Dave "the rhizome" Cormier posted the other day about uncertainty and rhizomatic learning. If you don't know what the latter is, Dave says it's
"A botanical metaphor, first posited by Deleuze and Guattari in A Thousand Plateaus(1987), may offer a more flexible conception of knowledge for the information age: therhizome. A rhizomatic plant has no center and no defined boundary; rather, it is made up of a number of semi-independent nodes, each of which is capable of growing and spreading on its own, bounded only by the limits of its habitat (Cormier 2008)."
In Dave's post he talked about habituation and how when you learn something it becomes automatic, and the vocabulary you adopt reflects this. In the comments I mentioned some of the work done with experts, in particular pattern recognition in chess experts. For instance, chess experts will be able to reproduce a board they are shown much better than you or I (assuming you're not a chess expert that is). The reason is that they encode it as patterns linked to long term memory eg "the mid-game position in Kasparov vs Karpov 1984" whereas novices are encoding it as discrete elements eg white rook next to black pawn two spaces in".
Experts don't know they do this, but it's a by-product, or rather a means, of expertise. They don't set out to encode in this manner, but it is what they do as they gain expertise. Interestingly, if you show expert chess players random placement of figures, ie not real mid-game positions, then they fare the same as everyone else.
Over twitter Dave said that maybe what he was talking about wasn't expertise in the traditional sense. To which I responded that in a very general, maybe even trite, sense, all learning is a shift away from novice towards expert, even if you never reach the expert level. No-one learns something to know less about it.

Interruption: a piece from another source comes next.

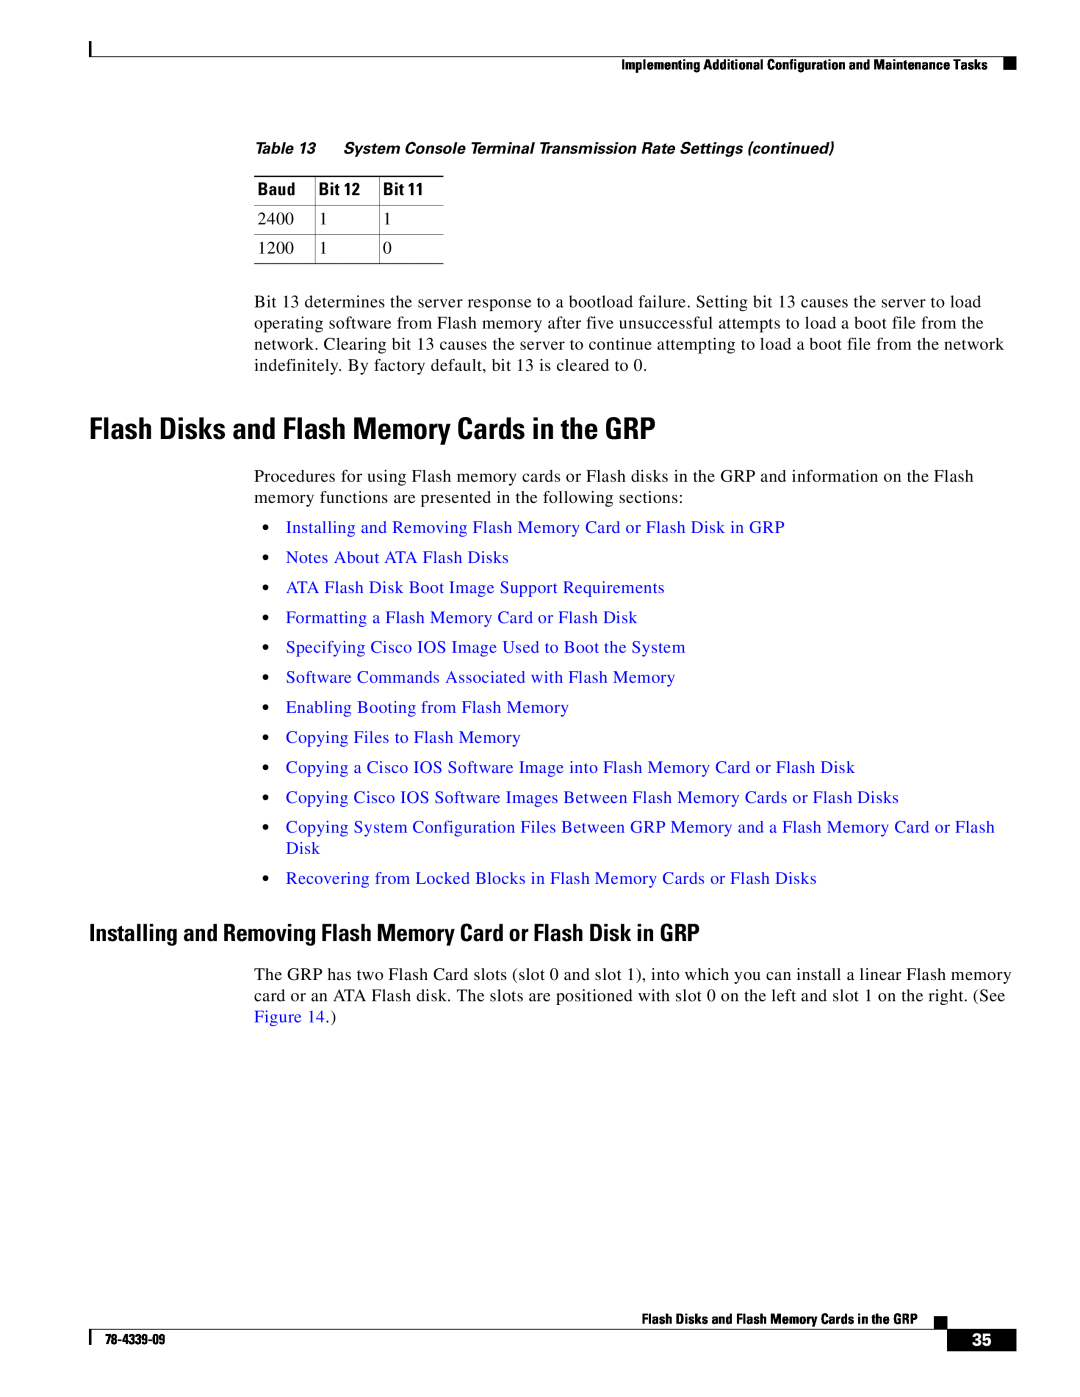 Cisco Systems GRP-B manual Flash Disks and Flash Memory Cards in the GRP, Notes About ATA Flash Disks

But then on reflection, maybe Dave has a point. The kind of learning he is talking about is accidental, acquisitional. It's almost collateral damage learning. I was thinking about being a blogger as an example. I didn't take a formal course to become one, obviously (I'd want my money back if I did). And I don't think I ever articulated to myself the goal or ambition to 'learn to be a blogger'. But over time, reading others, and experimentation, I learnt a lot of things, such as the right voice (for me) to use in a blog, what subjects to blog about, how to connect with others, the use of certain technologies, etc. I also became enculturated and learnt or adopted the 'blog culture'.
I suppose in one sense, I am now an expert, or at least more expert than some, blogger. But this feels rather different from other things I might be considered an expert in (erm, I can't think of any now, but there must be some), which have been the result of very intentional, and directional learning.

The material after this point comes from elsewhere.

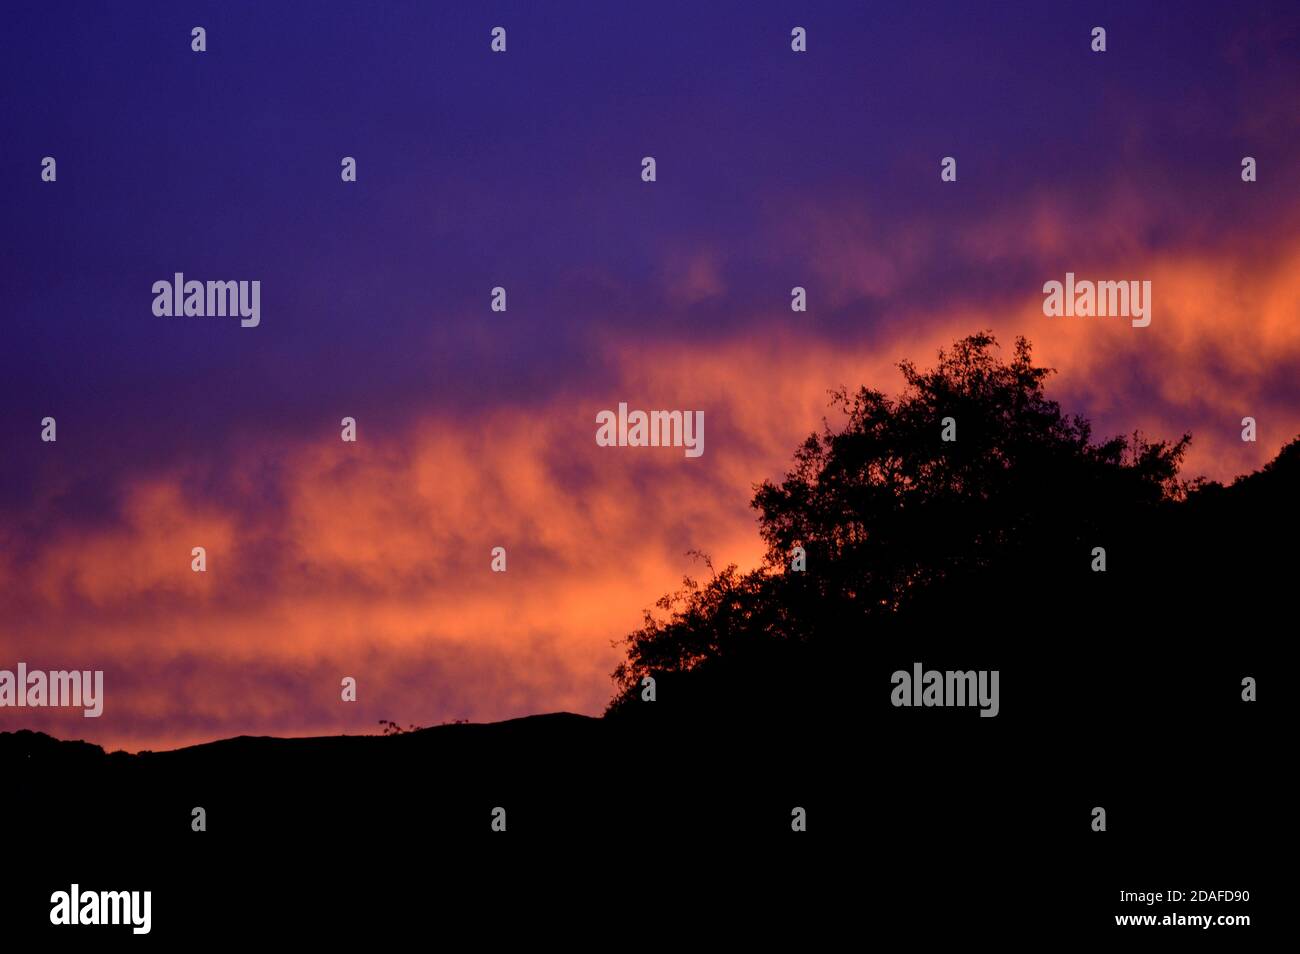 Mountain and tree black silhouette against a deep blue purple sky with clouds in pink and orange undertones Stock Photo

And this to me gets to the heart of the good and the bad about rhizomatic (or if you prefer, networked) learning. It works, at least in the sense that I have learnt to be a better blogger than I was six years ago. But if it's unintentional, undirectional, informal and accidental then is there much we as educators can say about it other than 'that's interesting'? My point is if we can't foster it, direct it, start it, measure it, or even look at it then is there much we can do about it? It may happen, and be very useful, but as soon as you try and touch it, then it disappears. It's like stars you can only see in the periphery of your vision, as soon as you focus on them, they fade from view.